Given that the other state institutions that the Commission may depend on are weak and dysfunctional, and given our near-schizoid respect for authority figures, the de facto powers of the Chairman of the Electoral Commission are far greater than is suggested by the provisions of the constitution. She can bully everybody in sight.

This is a recipe for disaster. Our general elections can only be as good as the Chairman of the Electoral Commission wants it to be. He must have divine powers to ensure near perfect elections. Where the outcome of a national vote is one in which one candidate wins by an overwhelming difference, we can be sure, even if we do not believe the exact figures, that the winner really did win. But where the tally is close, you can be sure that not even the Chairman of the Electoral Commission can be cocksure of who the winner is.

This was the situation in our last two general elections. It is likely to be so in the forthcoming one too. I submit that even Mr Afari-Gyan, the former Chair of the Electoral Commission, did not know for sure who really won the last presidential elections he supervised. It was so close that he didn’t know!

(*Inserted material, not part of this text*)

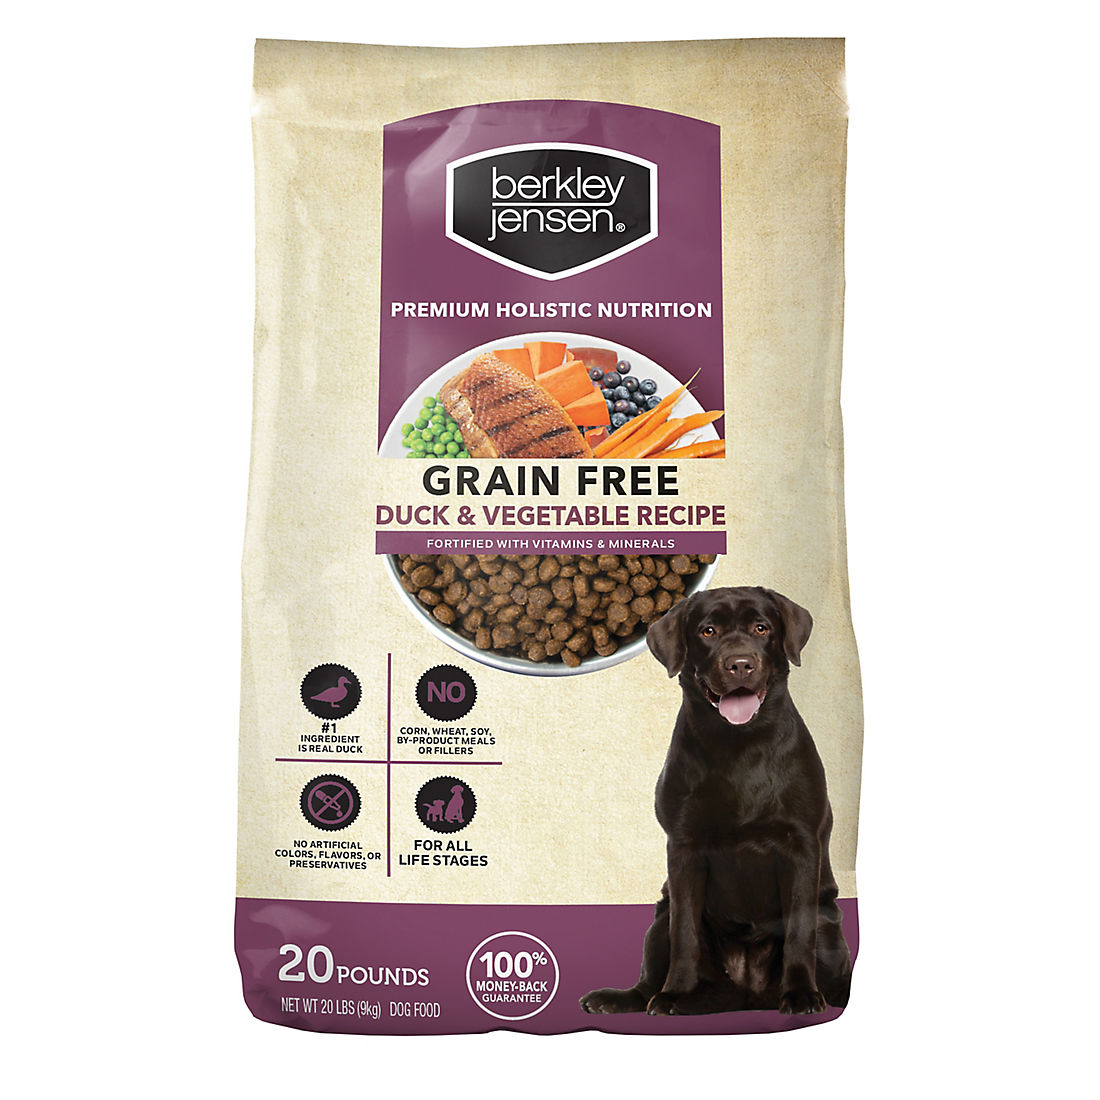 berkley jensen grain free dog food

Another area where the arbitrary powers of the Chair of the EC come into play is seen in the provision that the winner is the candidate getting 50% plus 1 of the votes. This is just a theoretical formulation since such exactitude is practically impossible to achieve especially with all our inefficiencies. Can anyone imagine a second round election which is so close that, of ten million votes cast, a single ballot decides the winner? And who says the EC Chair cannot decide, on his own whims, which ballot paper that is?

The arbitrary nature of the power of the EC Chair can also be seen in the recent mass disqualification of candidates. I suspect the same mistakes that led to their disqualification were made during the Afari-Gyana era but he chose to handle the issue in a different way. It does also look very suspicious that only the two major parties were judged to have done the correct thing. Was the EC chair afraid of daring the big boys? After all, all the parties are made up of Ghanaians with our usual predilection for cutting corners.

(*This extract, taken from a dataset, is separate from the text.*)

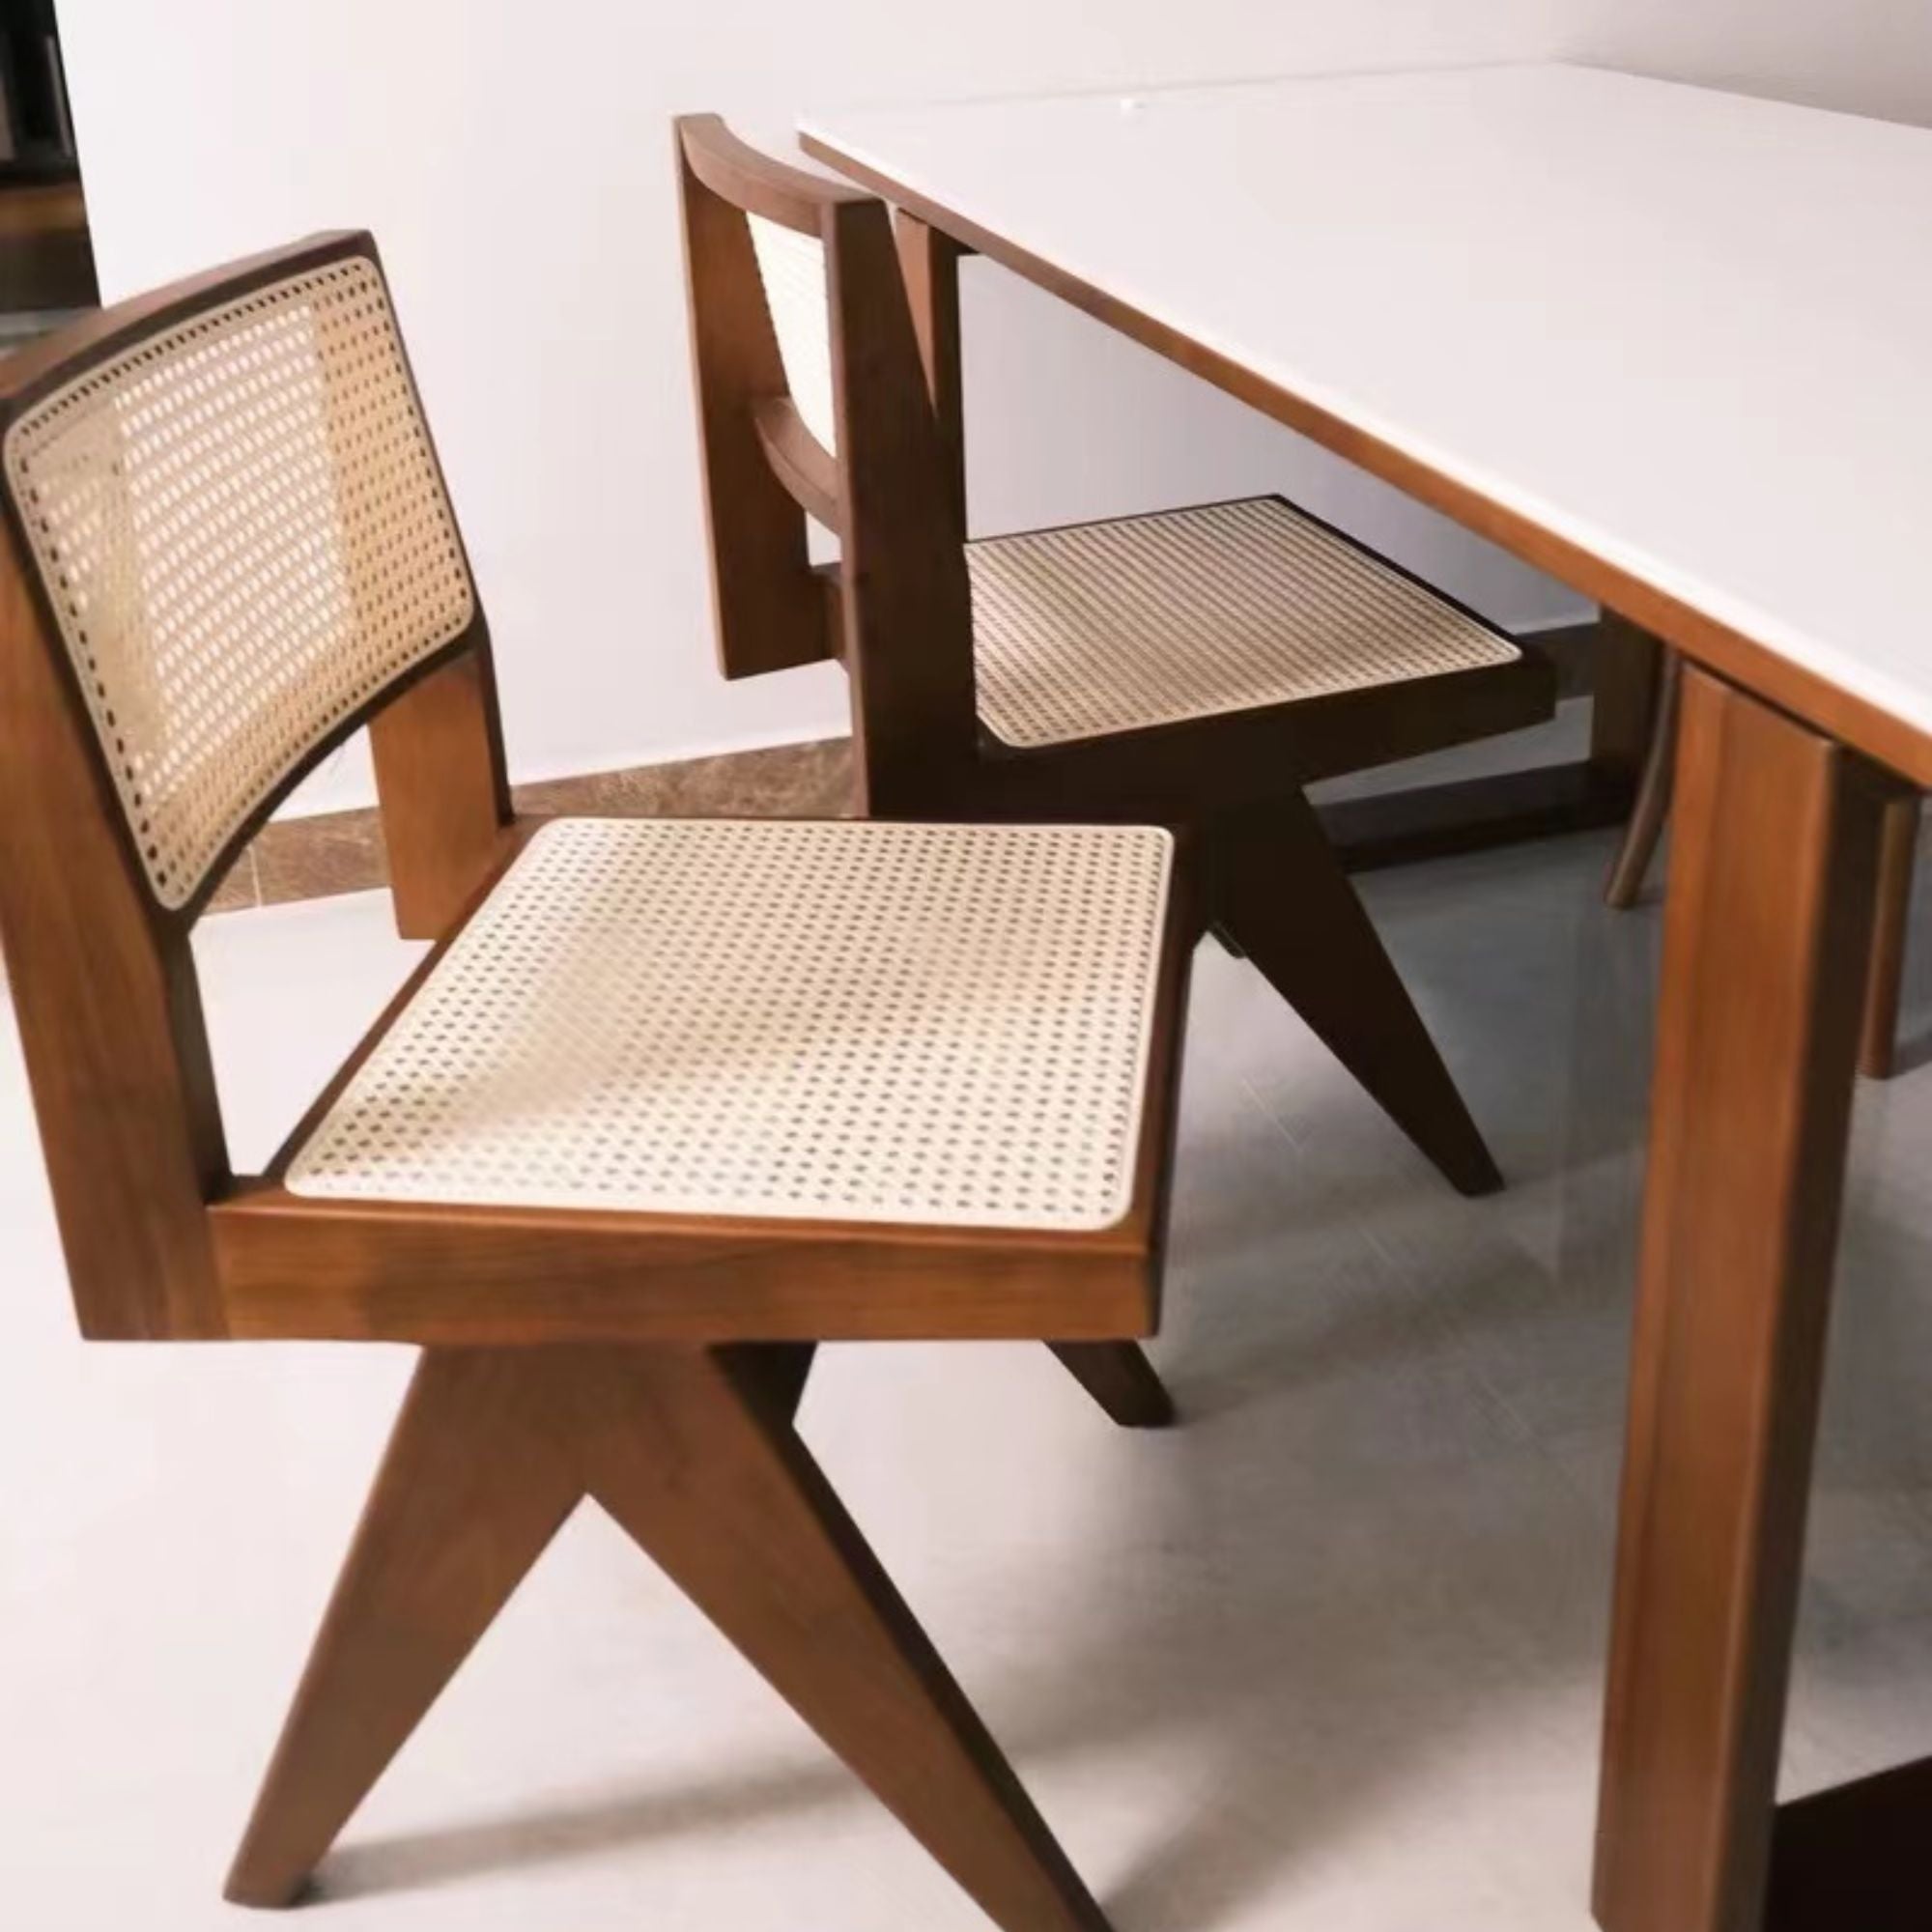 Tara poplar wood chair

The constitution does not spell out the academic qualifications members of the Electoral Commission bring to their jobs. Their conditions of service are equivalent to those pertaining in the upper echelons of the judiciary. This may suggest that people with legal training may be best suited for the job. It is not so. Mr Afari-Gyan was a lecturer in Political Science. If you ask me, I think the post is best occupied by a good administrator with training in Statistics. The other members of the commission can have complementary qualifications including legal expertise.

Even the USA, the richest and most technologically advanced country in the world, is not able to determine the exact outcomes of its elections. Did Bush really win the 2001 elections? Did Trump win fairly?

It will be too much to expect us to do better than the USA, not to talk of the Scandinavian countries that never conduct population censuses or register voters because all such vital statistics are already correctly known to the relevant authorities at every minute, nay, every second, of the day! But we can start by taking the power to appoint members of the EC from the President and investing such powers in an independent body. The other solutions will come naturally, even if slowly, as our other institutions become stronger and bring about the reduction in the arbitrary powers of the Chairman of the Electoral commission.

If our system is strong and trustworthy, it won’t matter who occupies the important chair of the Electoral Commission. As it is now, Mrs Charlotte Osei will determine who wins a close vote. Are we going to remember her in a positive way other than just for her pretty face? Only time will tell.

Btw: the constitution does not really use the term “Electoral Commissioner” choosing the rather colourless term “Chairman of the Electoral Commission”. But the fact that Ghanaians call the occupier of the position Electoral Commissioner only emphasises the enormous powers of the position. Gentle reader, do you know the names of the Electoral Commissioners, or their equivalents, in the USA or the UK? What about those of Denmark or the Netherlands?